Work request: In your copy of the listing below, reproduce each word exactly and include no pictures.

Information provided:
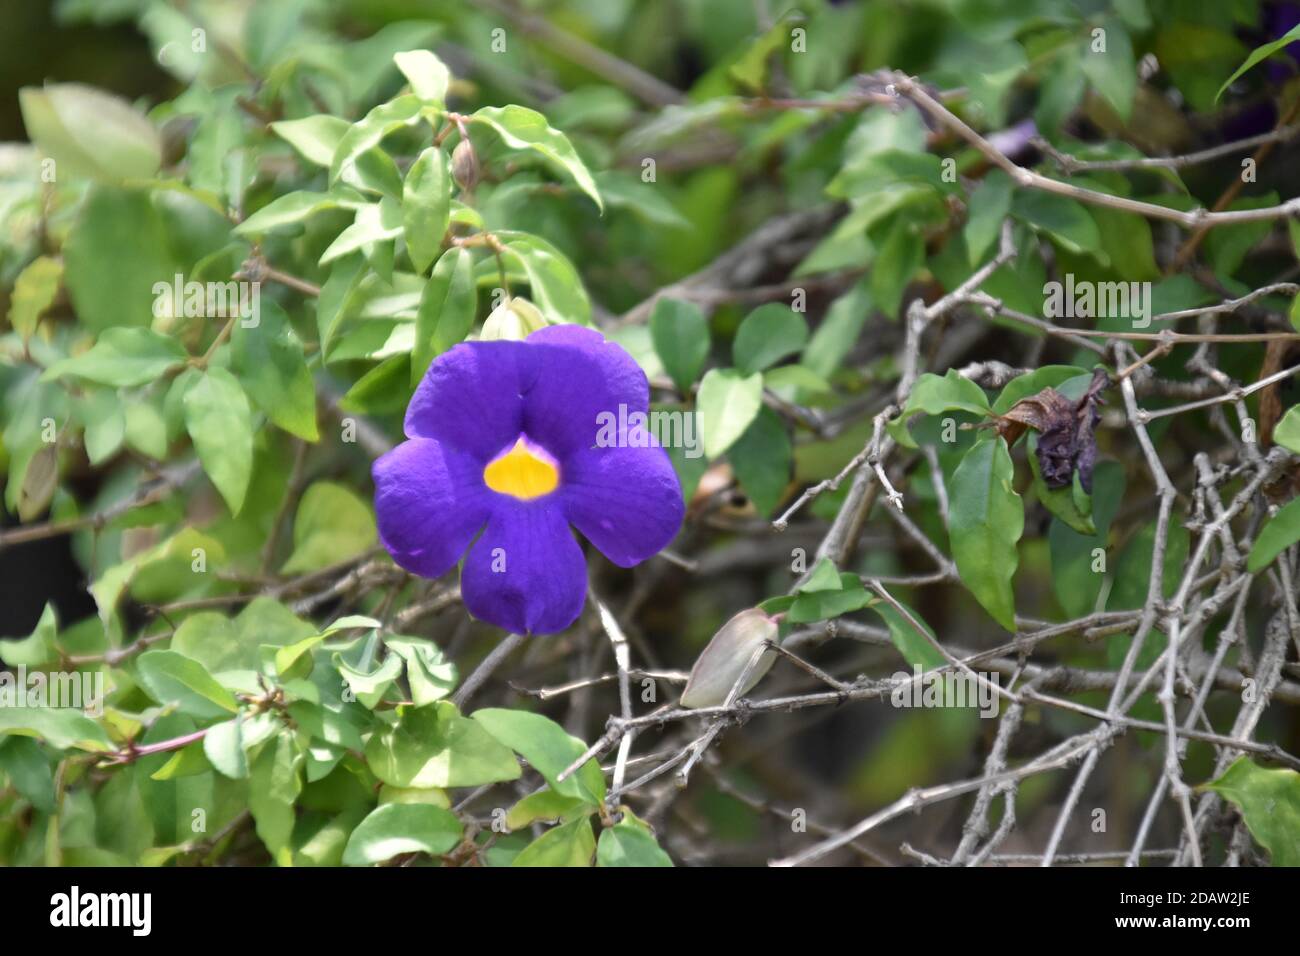 beautiful blue allamanda flower Stock Photo
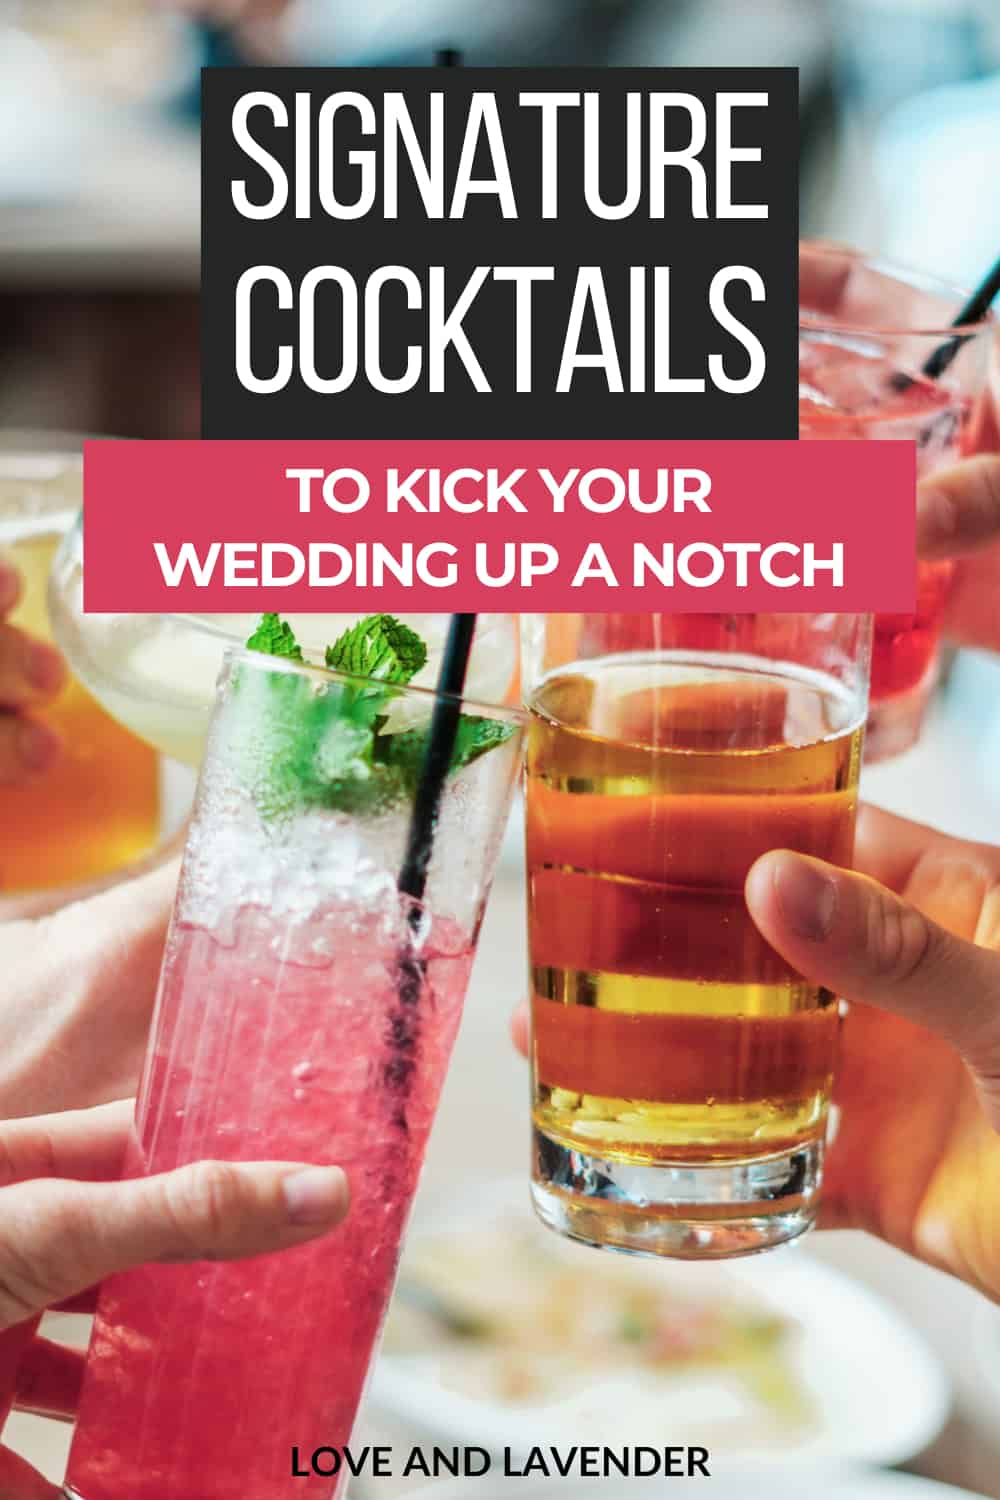 Broche Pinterest - Cocktails signature pour donner un coup de fouet à votre mariage
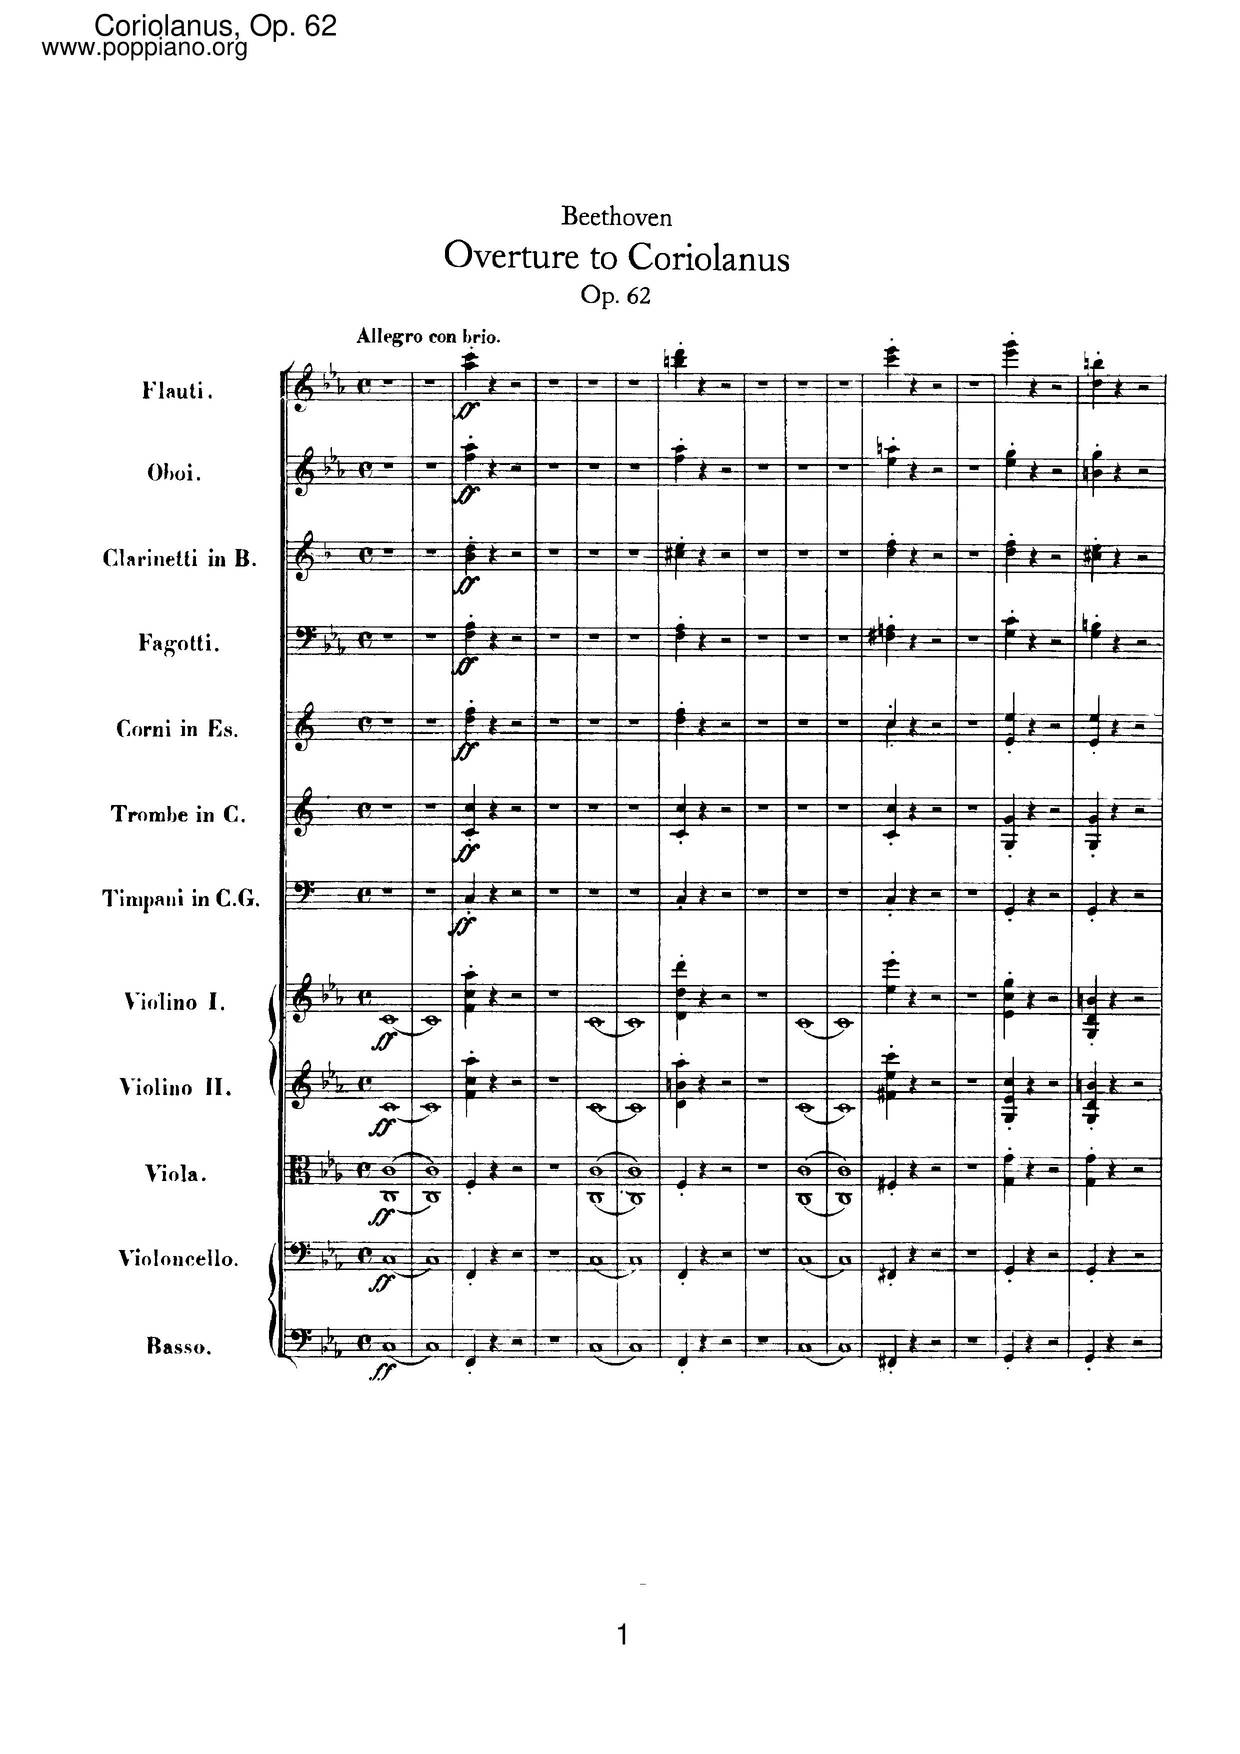 Coriolan Overture, Op. 62 Score

Solution to this problem:
 beautiful blue allamanda flower Stock Photo
 Broche Pinterest - Cocktails signature pour donner un coup de fouet à votre mariage
 Coriolan Overture, Op. 62 Score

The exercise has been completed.